You can belay me either way.....just don't drop me.
Big Mike

Trad climber
BC
Apr 25, 2013 - 02:47am PT
You gonna trust a beginner with that pinch sh#t bud? I almost learned the hard way. That may be anecdote to you, but to me, it's hard truth.

Good luck in your future endeavours. I wouldn't trust a beginner not to drop me like that. Someone who is experienced with the technique? Sure.
RyanD

climber
Squamish
Apr 25, 2013 - 02:50am PT
I like my Grigri, then I can text, smoke, & drink Starbucks while belaying. If the rope is skinny enough u don't even need to use your hands, it feeds all by itself! Duh!!
apogee

climber
Technically expert, safe belayer, can lead if easy
Apr 25, 2013 - 03:00am PT
"That may be anecdote to you, but to me, it's hard truth. "

And like religion, it's what we believe that matters. Facts & science really don't have anything to do with it.

I'm not a strong advocate of either technique, necessarily, but I find it amusing that the palm-up technique was in use for decades until about about 10 years ago, when someone had the intuitive idea that palm-down would provide a belay less prone to failure. Nevermind the fact that there isn't any demonstrable evidence that the previous technique was directly related to x-y-z failures, or that the 'new' technique has substantially corrected this 'problem'.
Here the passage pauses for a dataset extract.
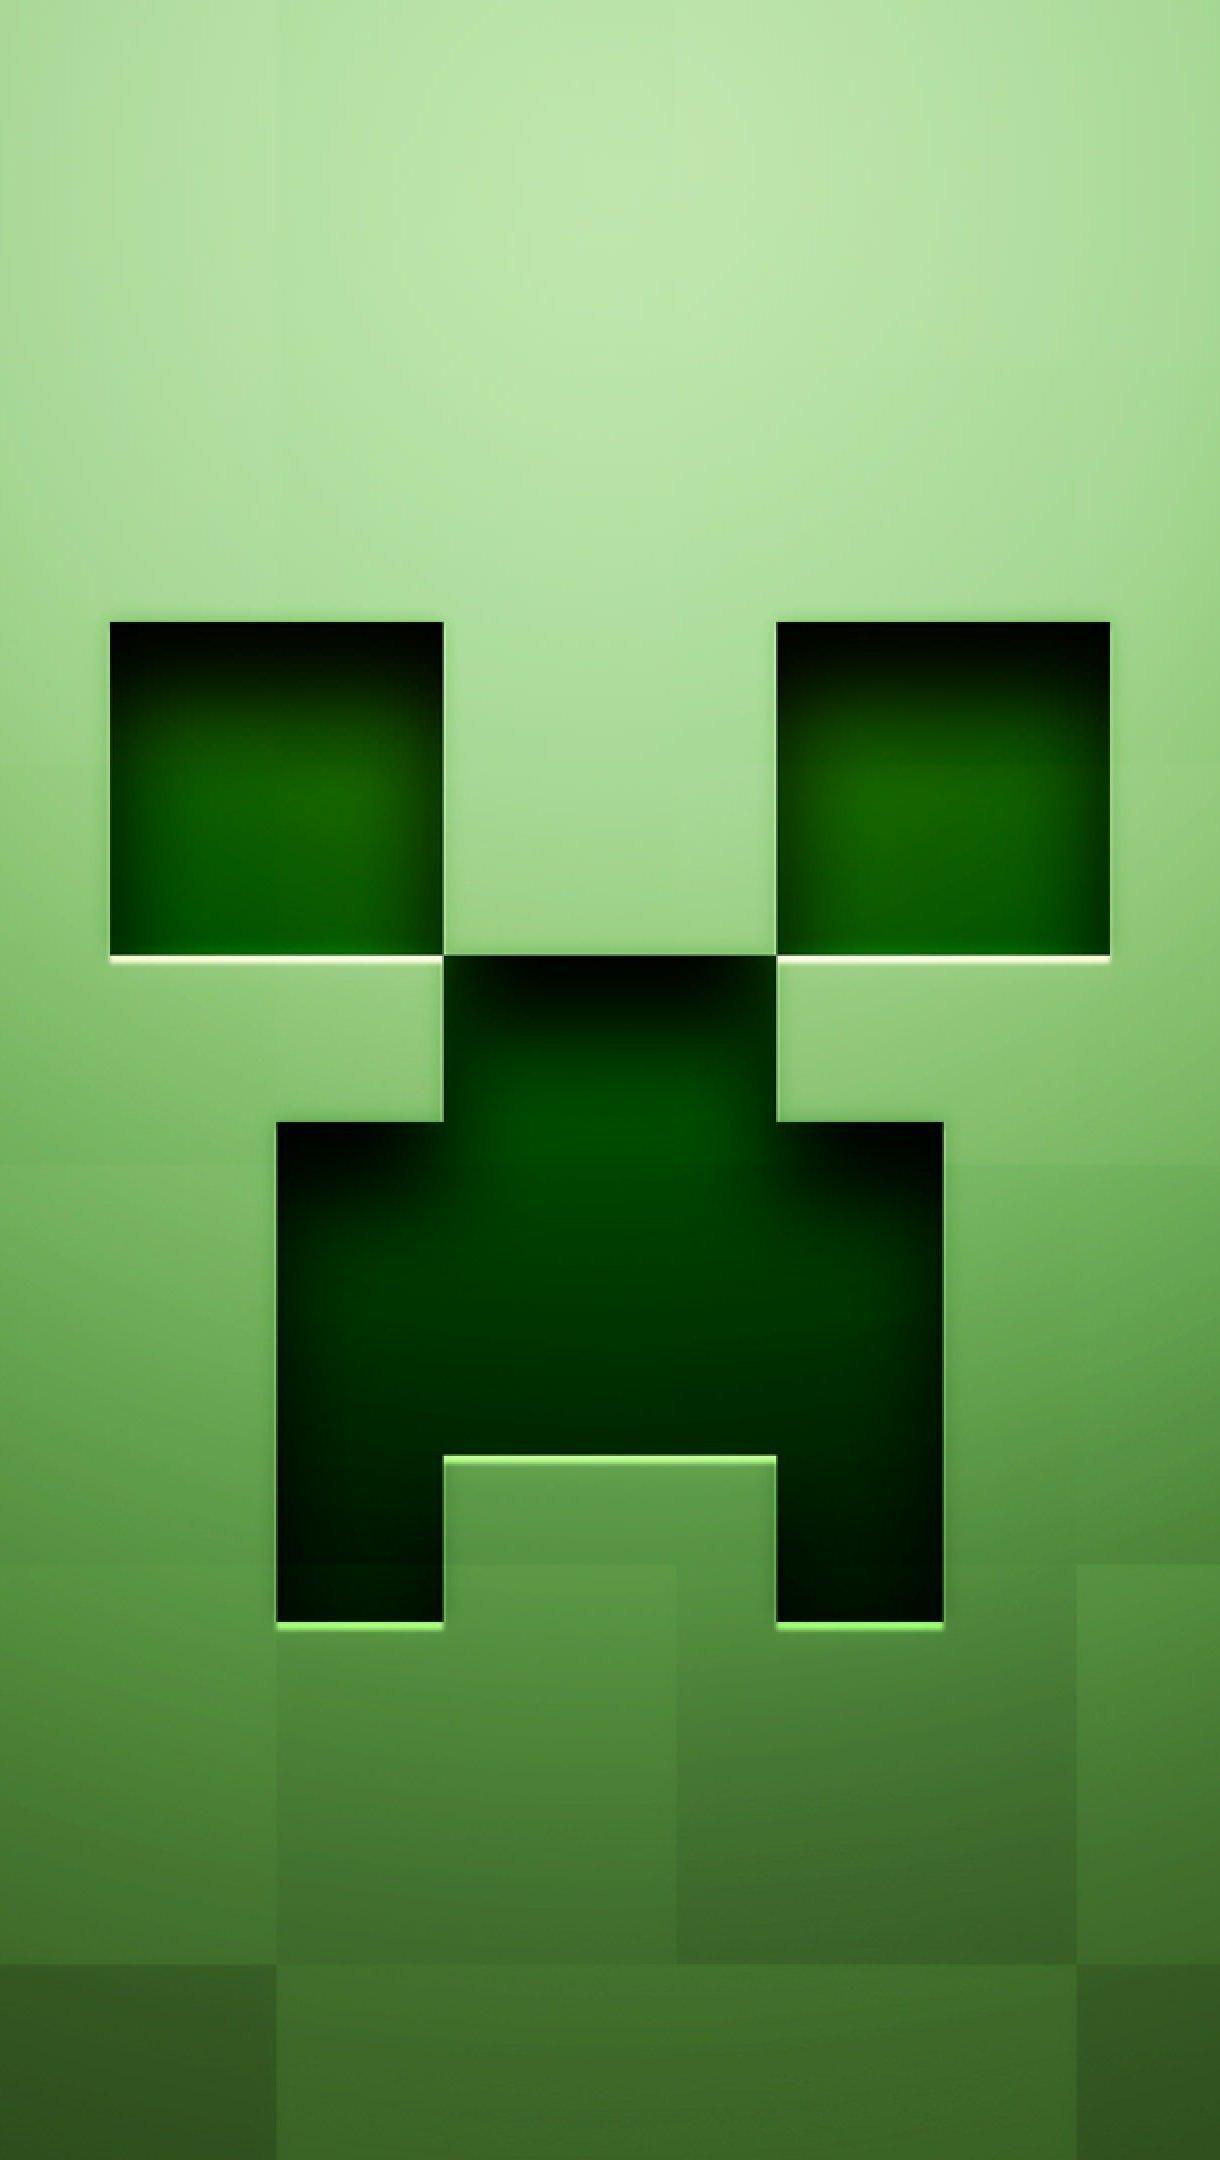 Wallpaper Creeper Minecraft Vertical
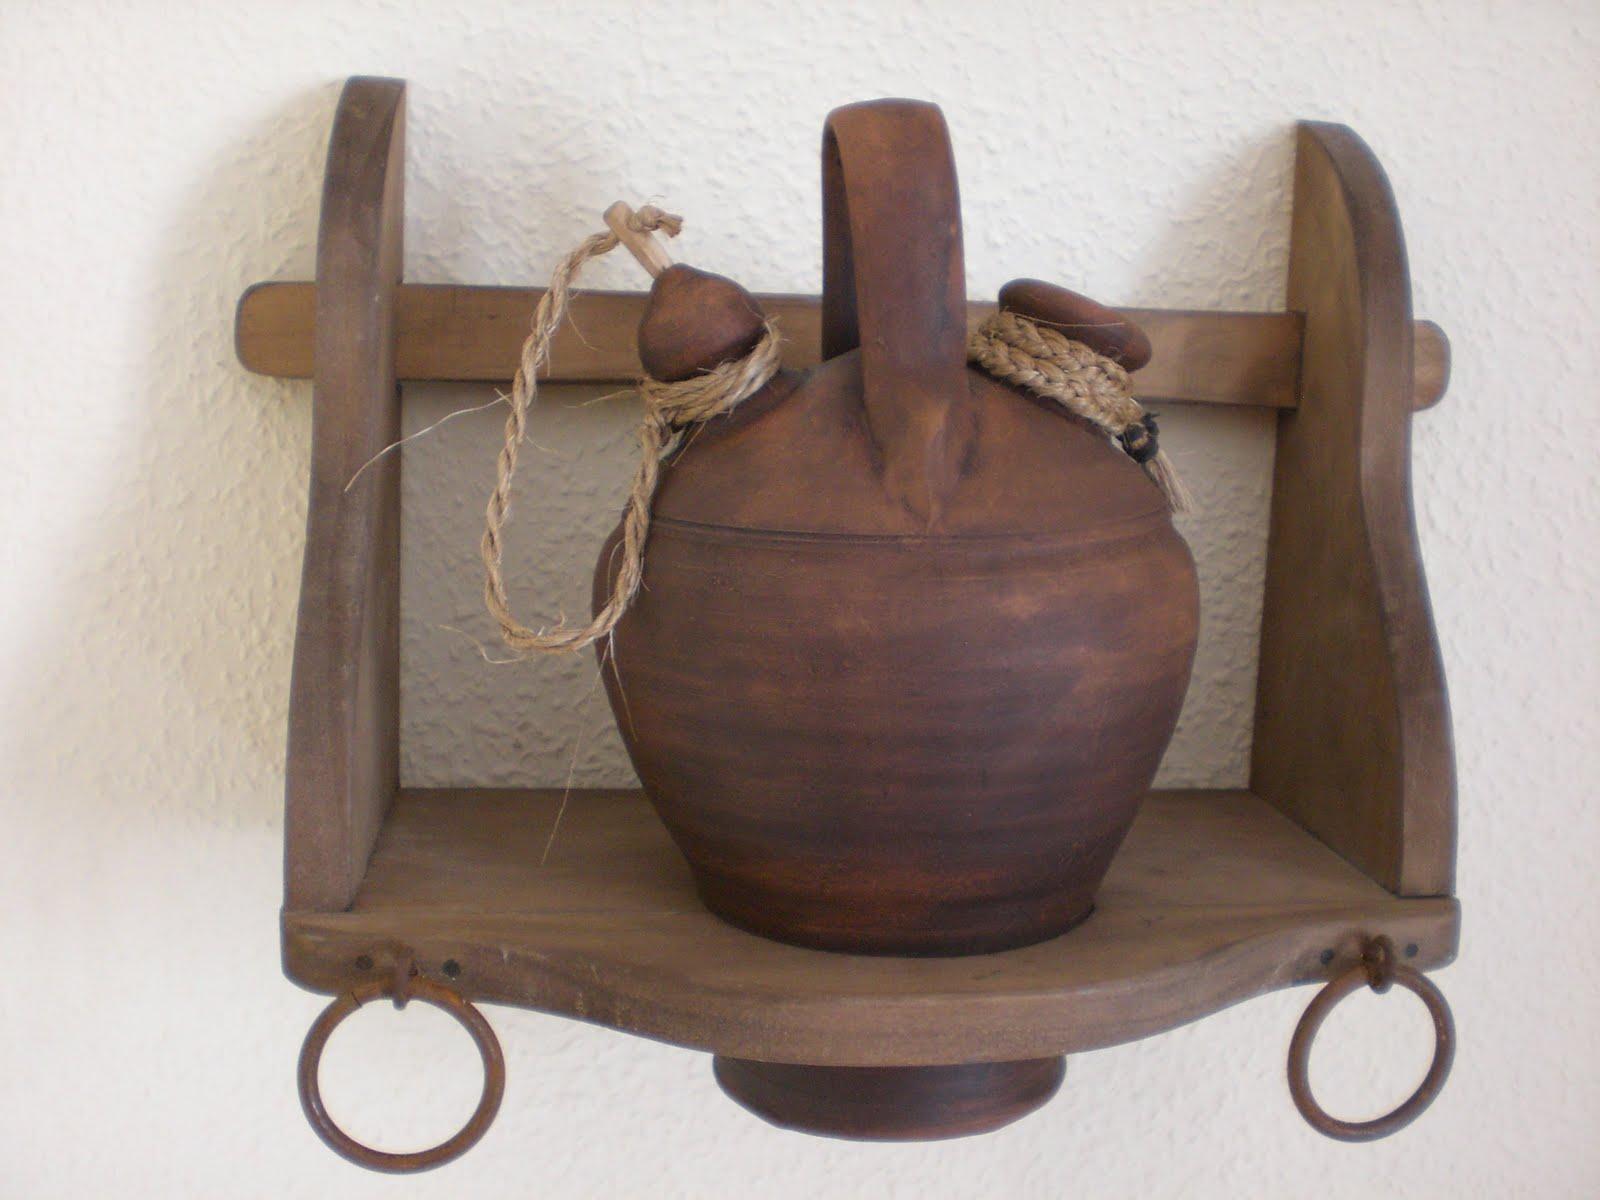 Artesan a r stica en madera botijera de madera con for Artesanias en madera

I've seen shitty belay skills using both techniques. Hell, my own anecdotal observation has seen a more lackadaisical attitude towards the palm-down technique, maybe related to its relation to gri-gri laziness. But that's just a useless anecodote of my own.

If your belay skills are demonstrably solid, I'm good with climbing with you, regardless.

nutjob

Sport climber
Almost to Hollywood, Baby!
Apr 25, 2013 - 03:03am PT
It's such an automated thing for me I can't be sure of how I normally do it. I think I do both depending on the belay circumstances, where the rope is stacked or hanging, etc.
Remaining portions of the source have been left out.